##### Source material #####

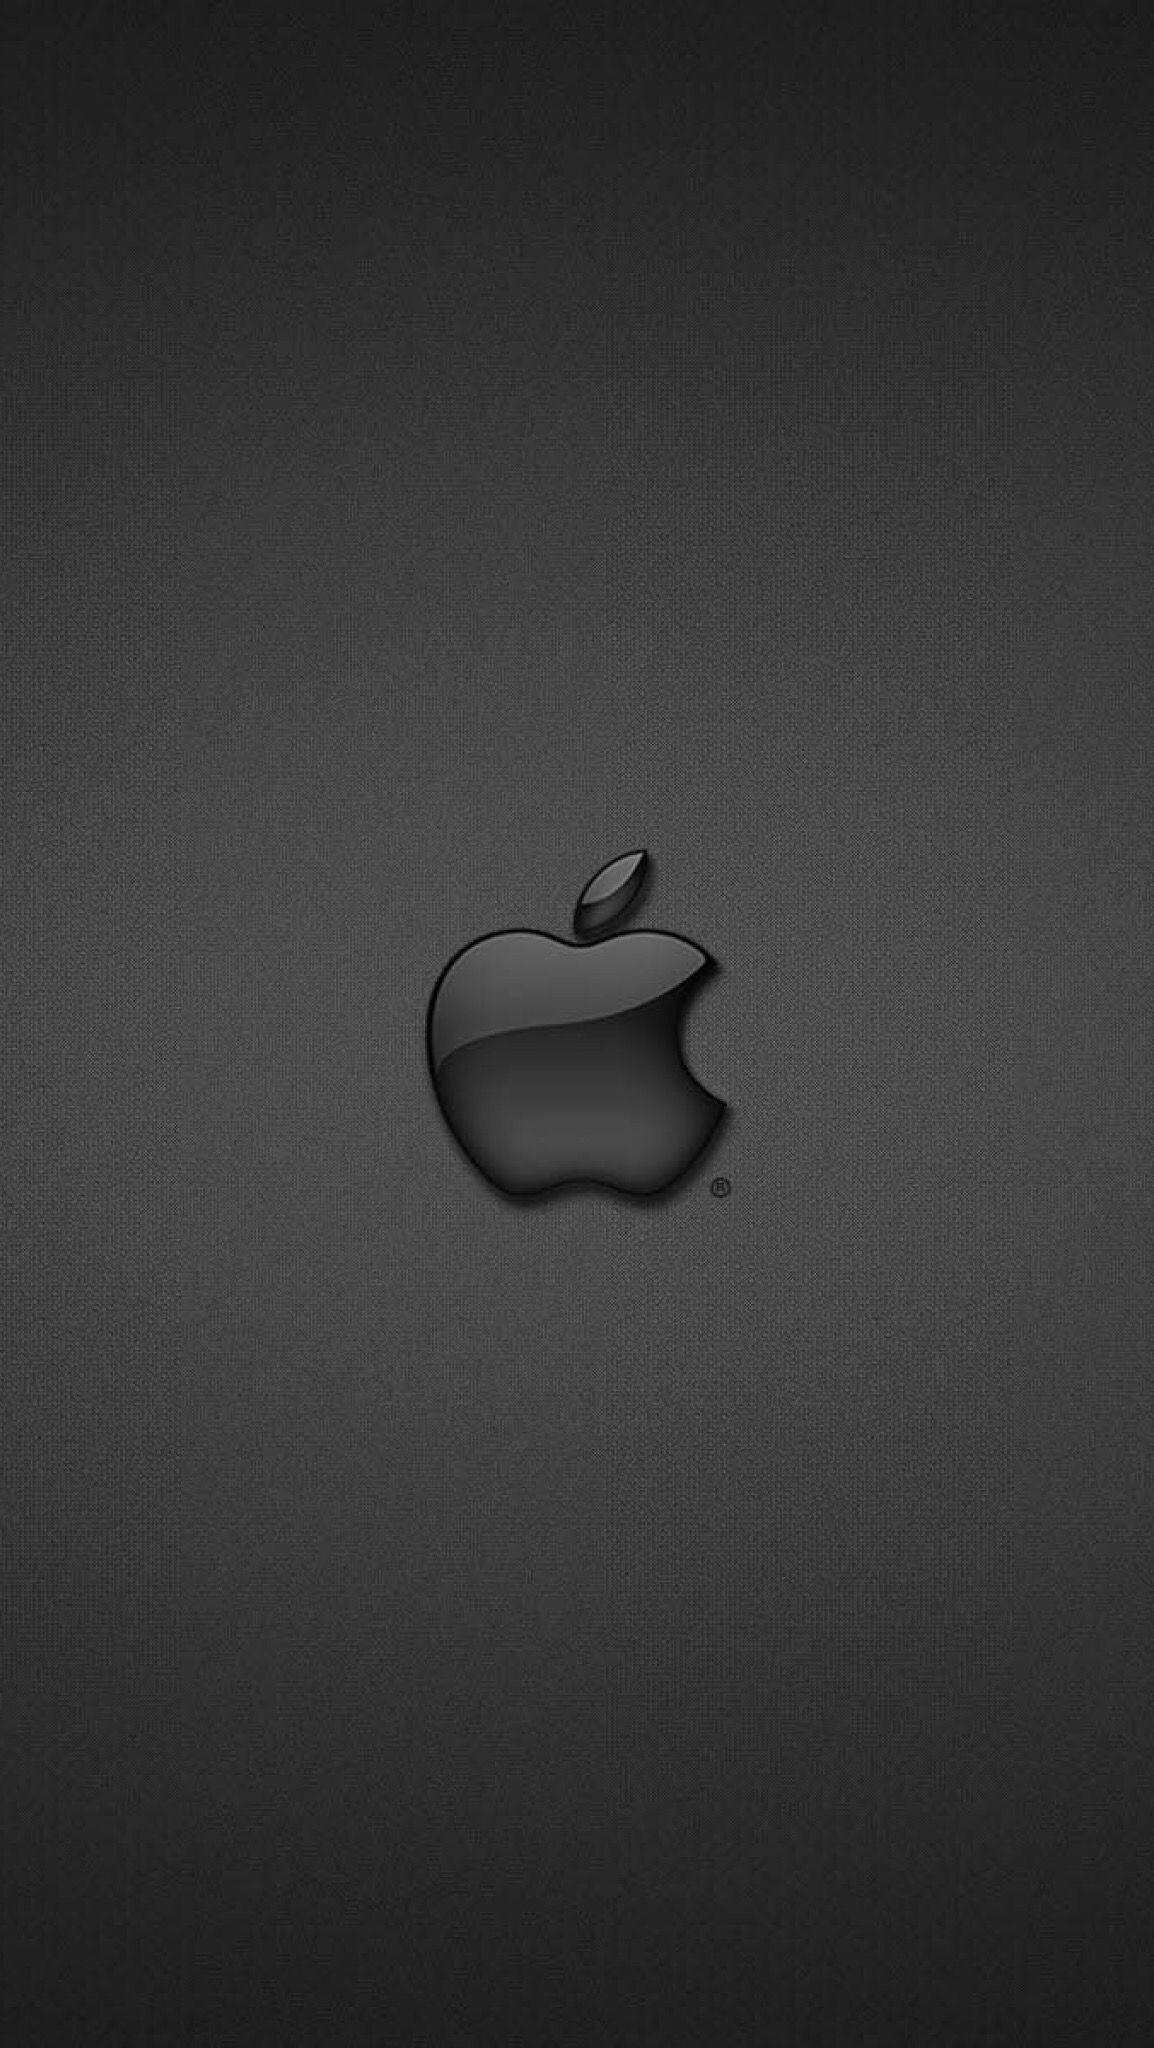 Download Cool Black Wallpaper For Iphone 2019 Apple Wallpaper Apple Logo Wallpaper Iphone Iphone Wallpaper Logo
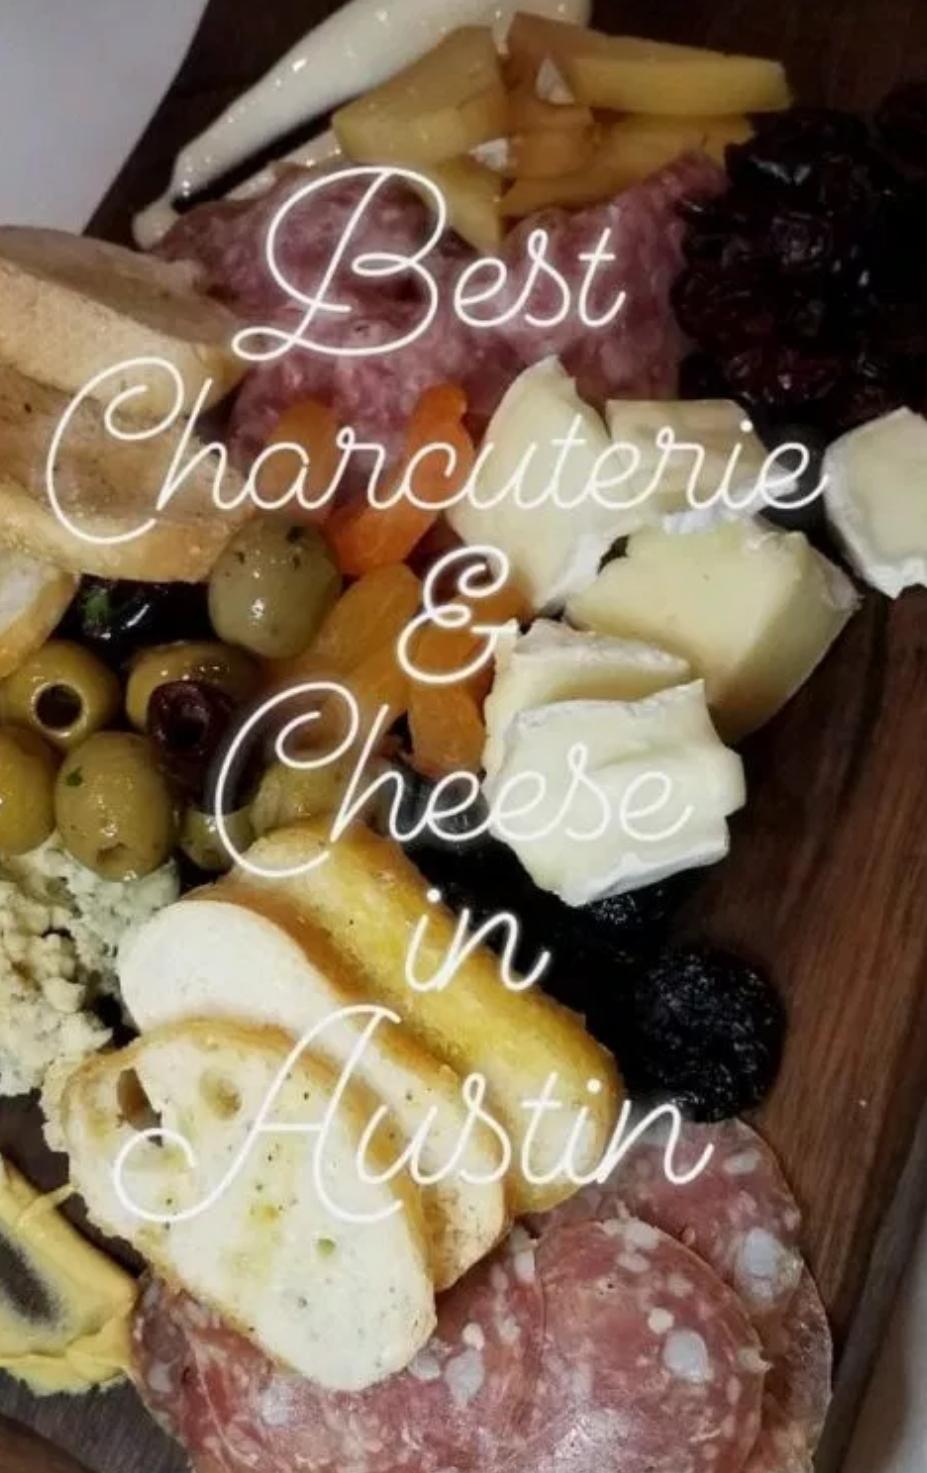 Charcuterie & Cheese: Austin's Best
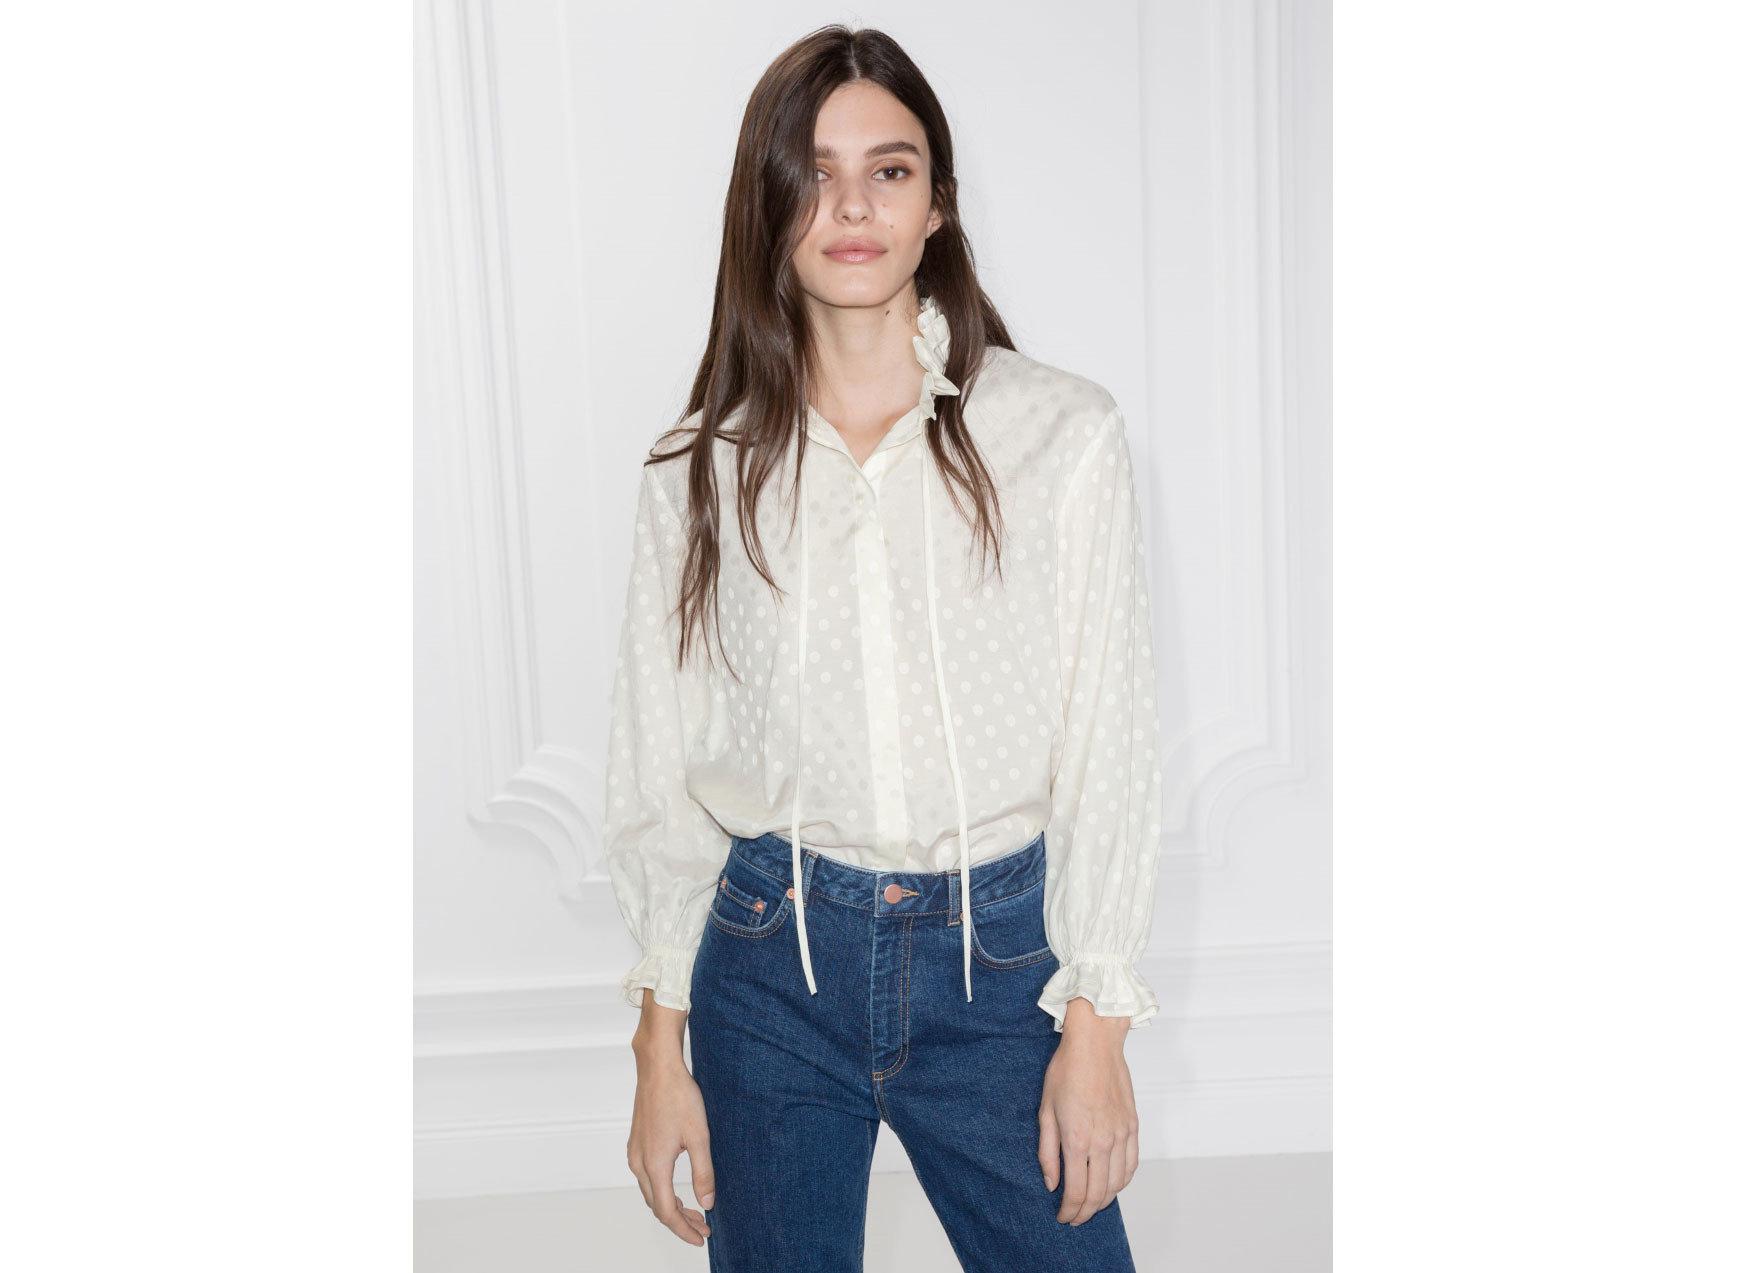 Style + Design Travel Shop person clothing posing fashion model standing sleeve shoulder jeans neck denim long hair blouse supermodel top model shirt button trouser
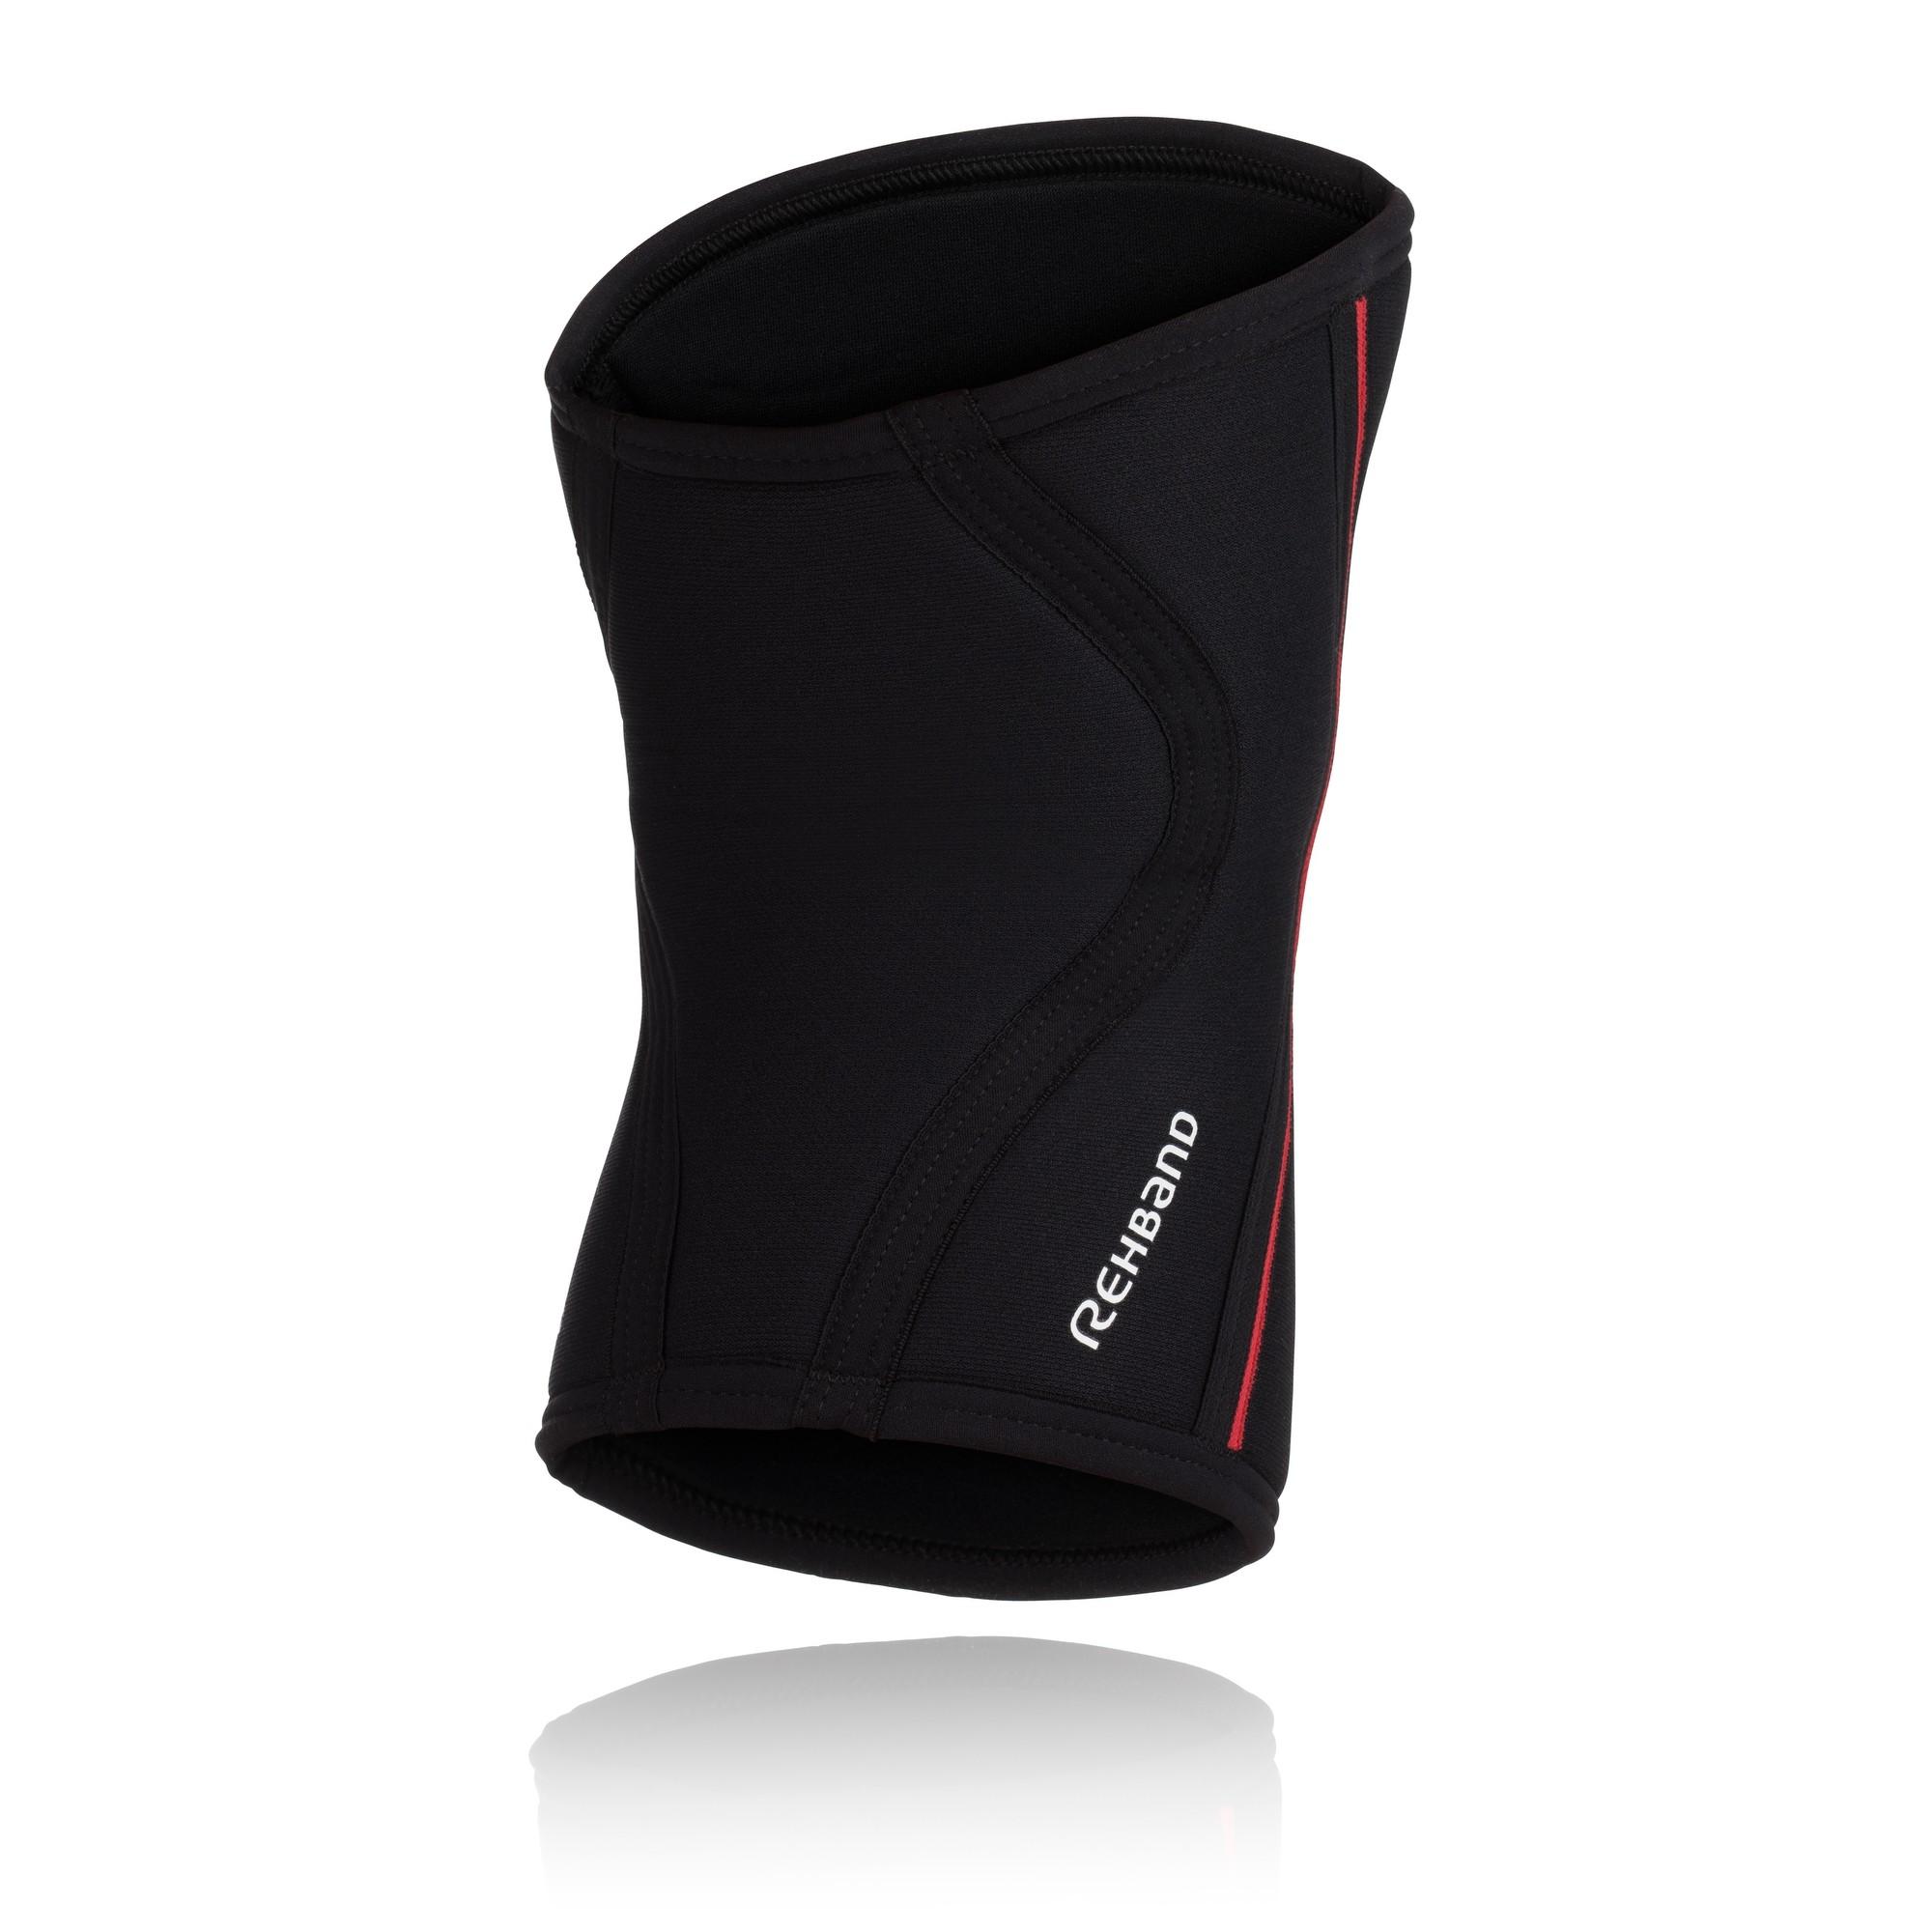 Rehband RX Kniebandage schwarz/rot 7mm

#####

Aim of the exercise: Beginning with the line that contains "Style + Design" and ending with the last line of the data above, output those lines exactly and nothing more, without any pictures.

Final answer:
 Style + Design Travel Shop person clothing posing fashion model standing sleeve shoulder jeans neck denim long hair blouse supermodel top model shirt button trouser
 Rehband RX Kniebandage schwarz/rot 7mm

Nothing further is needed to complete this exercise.